Over the past few months, we’ve been asking for our customers’ participation in gathering a crack team of individuals to start using a pre-release version of Spring. They will not be called the A-Team, but will simply be known as Stakeholders.
What is a stakeholder? A common term within the world of product development, “stakeholder” typically refers to key participants in the idea, development, and production phases of a product’s lifecycle. These individuals could be financial backers, project managers, target audiences, or other players.
At Solid Earth, we are purposefully using the term “stakeholder” when inviting people to use Spring during the development/pre-release stage because we want there to be an understanding that these people are more than just “testers”. In fact, we feel that the less we use the word “testing” the better; the objective for the interaction between our internal team and external stakeholders is to facilitate understanding.
The Objectives of Understanding
There are three specific things we’re trying to do as we invite external individuals into this stage:
- We want to learn about our users: behaviors, patterns, environments, values, strategies, etc.
- We want to listen to our users… praises, concerns, questions, comments, likes, dislikes, etc.
- We want to tell our users’ stories… processes, habits, objectives, goals, obstacles, etc.
By learning and listening to our stakeholders as they are introduced to Spring, begin to interact with it, discover useful or cool or painful or confusing points, and then reflect on what it means to them, we can begin to reciprocate and tell their story.

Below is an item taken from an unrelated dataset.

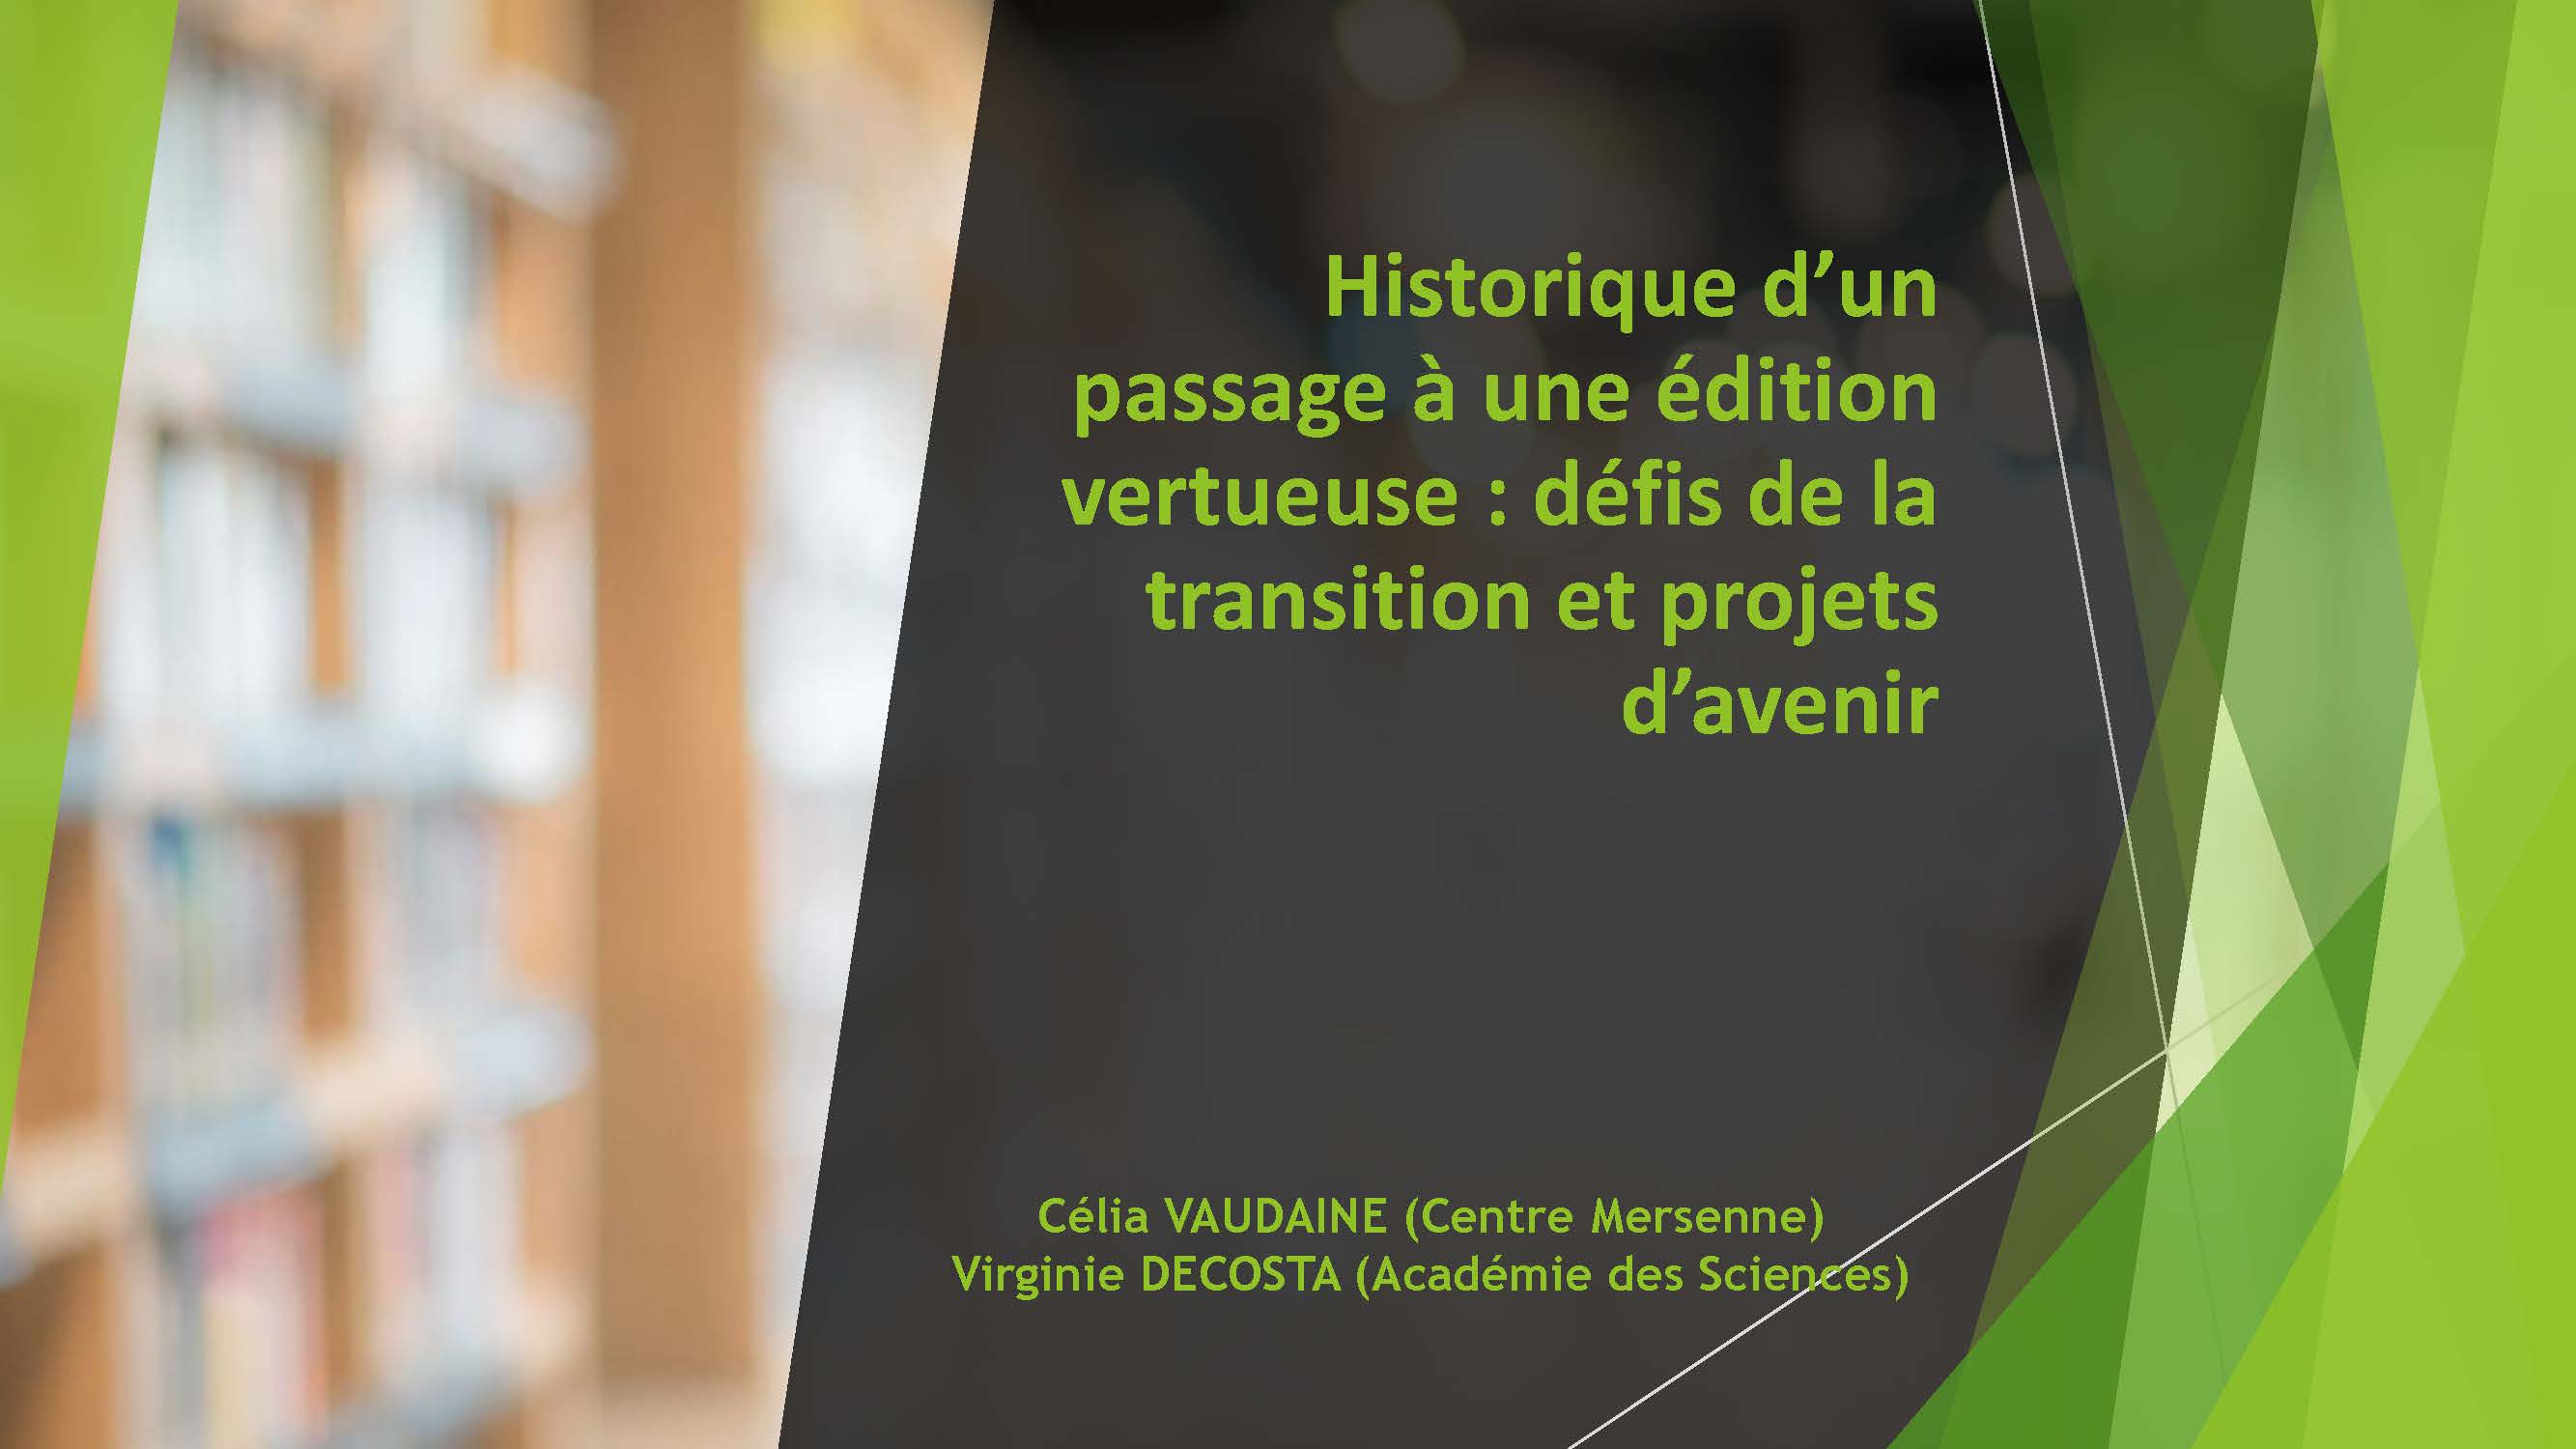 Atelier Dialogu'IST 11 - Historique d’un passage à une édition vertueuse : défis de la transition et projets d’avenir par Virginie DECOSTA et Célia VAUDAINE

We reiterate our designs and feature sets to better reflect what our most important partners, our users, are trying to attain.
So, being a stakeholder is much, much more than just testing and filling out the response form. Testing is simply an inherent by-product of the actually usage of the product. We’re excited that instead of performing trial-and-error tasks, stakeholders are implicitly and explicitly helping mold Spring into its ultimate form.
Track with us as we being to report on some of the trends and analytics we discover as our stakeholders engage with Spring.


I consider being a referred to as a stakeholder a compliment and a responsibility to not be taken lightly. I’ll endeavor to provide objective and timely response to the Solid Earth internal team when given the opportunity to use the pre-release versions of Spring. List-it has been such a vast improvement over the product available in the past, I’m anxiously awaiting the coming of Spring.